Getting the path between two tips or edges (connecting edges)
"""""""""""""""""""""""""""""""""""""""""""""""""""""""""""""

.. doctest::

    >>> from cogent import LoadTree
    >>> tr = LoadTree('data/test.tree')
    >>> edges = tr.getConnectingEdges('edge.1','Human')
    >>> for edge in edges:
    ...    print edge.Name
    ...
    edge.1
    edge.0
    Human

Getting the distance between two nodes
""""""""""""""""""""""""""""""""""""""

.. doctest::

    >>> from cogent import LoadTree
    >>> tr = LoadTree('data/test.tree')
    >>> nodes = tr.getNodesDict()
    >>> hu = nodes['Human']
    >>> mu = nodes['Mouse']
    >>> hu.distance(mu)
    0.34675536109369998
    >>> hu.isTip()
    True

Getting the last common ancestor (LCA) for two nodes
""""""""""""""""""""""""""""""""""""""""""""""""""""

.. doctest::

    >>> from cogent import LoadTree
    >>> tr = LoadTree('data/test.tree')
    >>> nodes = tr.getNodesDict()
    >>> hu = nodes['Human']
    >>> mu = nodes['Mouse']
    >>> lca = hu.lastCommonAncestor(mu)
    >>> lca
    Tree("((Human,HowlerMon),Mouse);")
    >>> type(lca)
    <class 'cogent.core.tree.PhyloNode'>

Getting all the ancestors for a node
""""""""""""""""""""""""""""""""""""

.. doctest::

    >>> from cogent import LoadTree
    >>> tr = LoadTree('data/test.tree')
    >>> hu = tr.getNodeMatchingName('Human')
    >>> for a in hu.ancestors():
    ...     print a.Name
    ...
    edge.0
    edge.1
    root

Getting all the children for a node
"""""""""""""""""""""""""""""""""""

.. doctest::

    >>> from cogent import LoadTree
    >>> tr = LoadTree('data/test.tree')
    >>> node = tr.getNodeMatchingName('edge.1')
    >>> children = list(node.iterTips()) + list(node.iterNontips())
    >>> for child in children:
    ...     print child.Name
    ...
    Human
    HowlerMon
    Mouse
    edge.0

Getting all the distances for a tree
""""""""""""""""""""""""""""""""""""

.. doctest::

    >>> from cogent import LoadTree
    >>> tr = LoadTree('data/test.tree')
    >>> dists = tr.getDistances()

We also show how to select a subset of distances involving just one species.

.. doctest::

    >>> human_dists = [names for names in dists if 'Human' in names]
    >>> for dist in human_dists:
    ...     print dist, dists[dist]
    ...
    ('Human', 'NineBande') 0.183106418165
    ('DogFaced', 'Human') 0.202340656203
    ('NineBande', 'Human') 0.183106418165
    ('Human', 'DogFaced') 0.202340656203
    ('Mouse', 'Human') 0.346755361094
    ('HowlerMon', 'Human') 0.0726901227632
    ('Human', 'Mouse') 0.346755361094
    ('Human', 'HowlerMon') 0.0726901227632


Getting the two nodes that are farthest apart
"""""""""""""""""""""""""""""""""""""""""""""

.. doctest::

    >>> from cogent import LoadTree
    >>> tr = LoadTree('data/test.tree')
    >>> tr.maxTipTipDistance()
    (0.4102925130849, ('Mouse', 'DogFaced'))

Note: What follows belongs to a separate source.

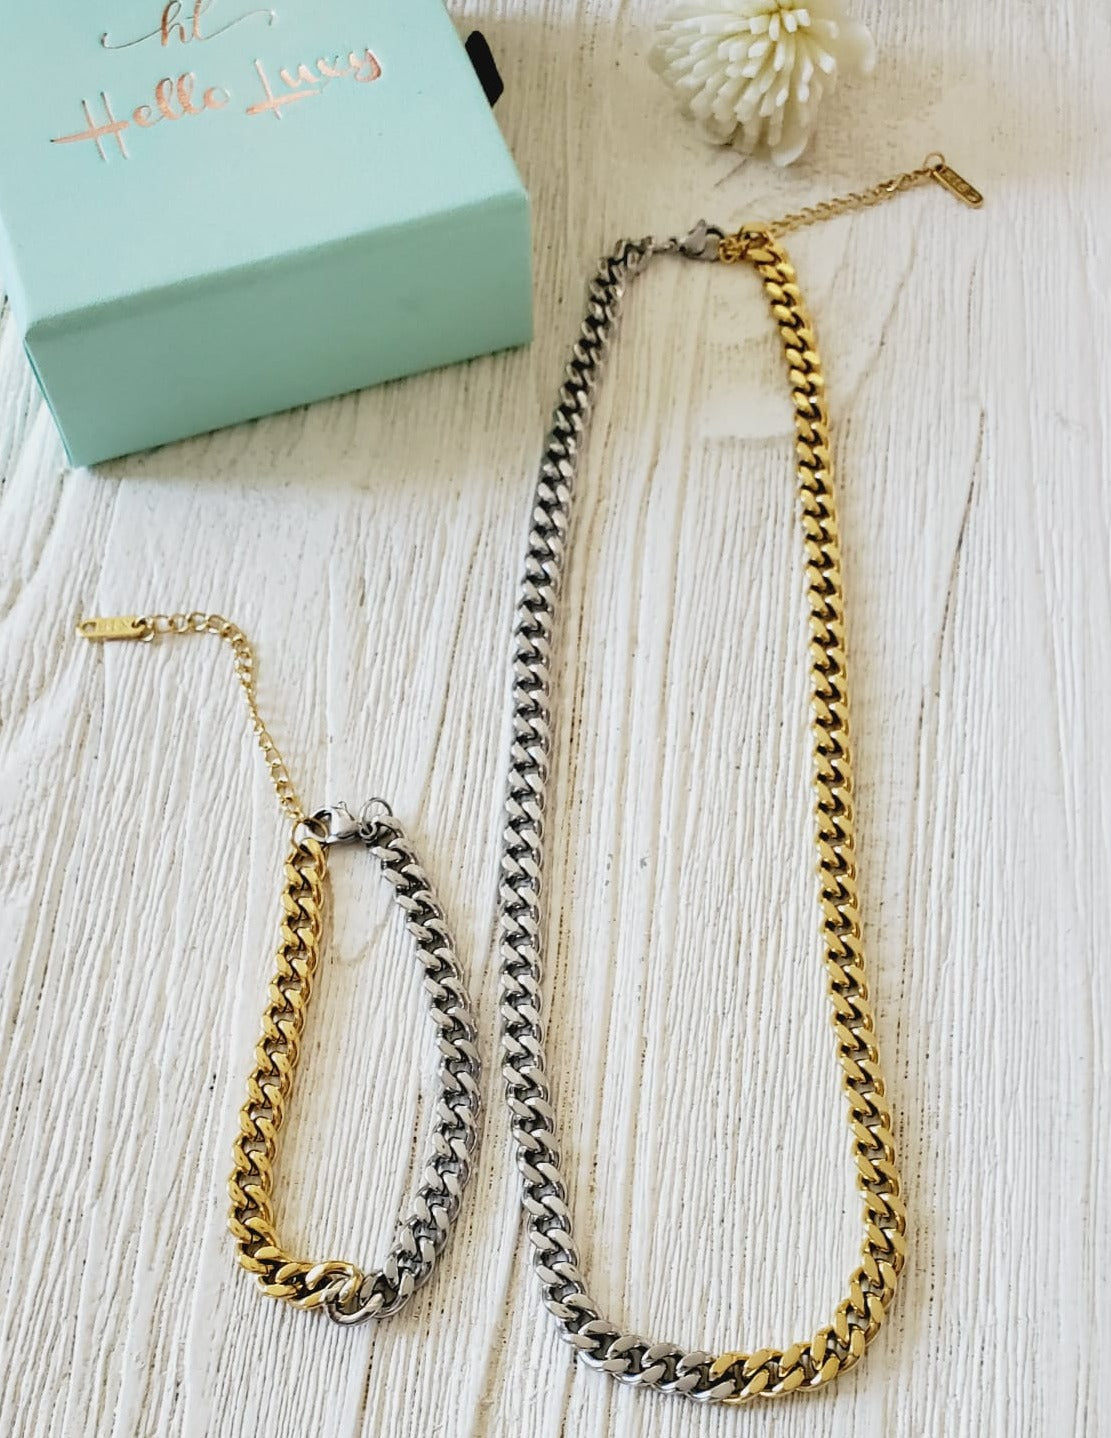 Minimalist chain, Double tone Chain, silver and gold Necklace, double tone cuban Chain, Water resistant jewelry, water resistant Necklace, Water resistant bracelet, vintage jewelry, vintage jewelry, vintage necklace, 14k gold necklace, 14k gold jewelry, 14k gold necklace, fine jewelry, fine necklace, fine bracelet, 6mm gold and silver chain, bold necklace, bold jewelry, handmade jewelry, fine jewelry brand, hello luxy, joyeria fina, 18k gold plated chain, 18k gold plated jewelry, gift for her

Get the nodes within a given distance
"""""""""""""""""""""""""""""""""""""

.. doctest::

    >>> from cogent import LoadTree
    >>> tr = LoadTree('data/test.tree')
    >>> hu = tr.getNodeMatchingName('Human')
    >>> tips = hu.tipsWithinDistance(0.2)
    >>> for t in tips:
    ...     print t
    ...
    HowlerMon:0.0415847131449;
    NineBande:0.0939768158209;

Rerooting trees
^^^^^^^^^^^^^^^

At a named node
"""""""""""""""

.. doctest::

    >>> from cogent import LoadTree
    >>> tr = LoadTree('data/test.tree')
    >>> print tr.rootedAt('edge.0').asciiArt()
              /-Human
             |
    -root----|--HowlerMon
             |
             |          /-Mouse
              \edge.0--|
                       |          /-NineBande
                        \edge.1--|
                                  \-DogFaced


At the midpoint
"""""""""""""""

.. doctest::

    >>> from cogent import LoadTree
    >>> tr = LoadTree('data/test.tree')
    >>> print tr.rootAtMidpoint().asciiArt()
              /-Mouse
             |
    -root----|                    /-Human
             |          /edge.0--|
             |         |          \-HowlerMon
              \edge.0.2|
                       |          /-NineBande
                        \edge.1--|
                                  \-DogFaced
    >>> print tr.asciiArt()
                                  /-Human
                        /edge.0--|
              /edge.1--|          \-HowlerMon
             |         |
             |          \-------- /-Mouse
    -root----|
             |--NineBande
             |
              \-DogFaced

Near a given tip
""""""""""""""""

.. doctest::

    >>> from cogent import LoadTree
    >>> tr = LoadTree('data/test.tree')
    >>> print tr.asciiArt()
                                  /-Human
                        /edge.0--|
              /edge.1--|          \-HowlerMon
             |         |
             |          \-Mouse
    -root----|
             |--NineBande
             |
              \-DogFaced
    >>> print tr.rootedWithTip("Mouse").asciiArt()
                        /-Human
              /edge.0--|
             |          \-HowlerMon
             |
    -root----|--Mouse
             |
             |          /-NineBande
              \edge.1--|
                        \-DogFaced

Tree representations
^^^^^^^^^^^^^^^^^^^^

Newick format
"""""""""""""

.. doctest::

    >>> from cogent import LoadTree
    >>> tr = LoadTree('data/test.tree')
    >>> tr.getNewick()
    '(((Human,HowlerMon),Mouse),NineBande,DogFaced);'
    >>> tr.getNewick(with_distances=True)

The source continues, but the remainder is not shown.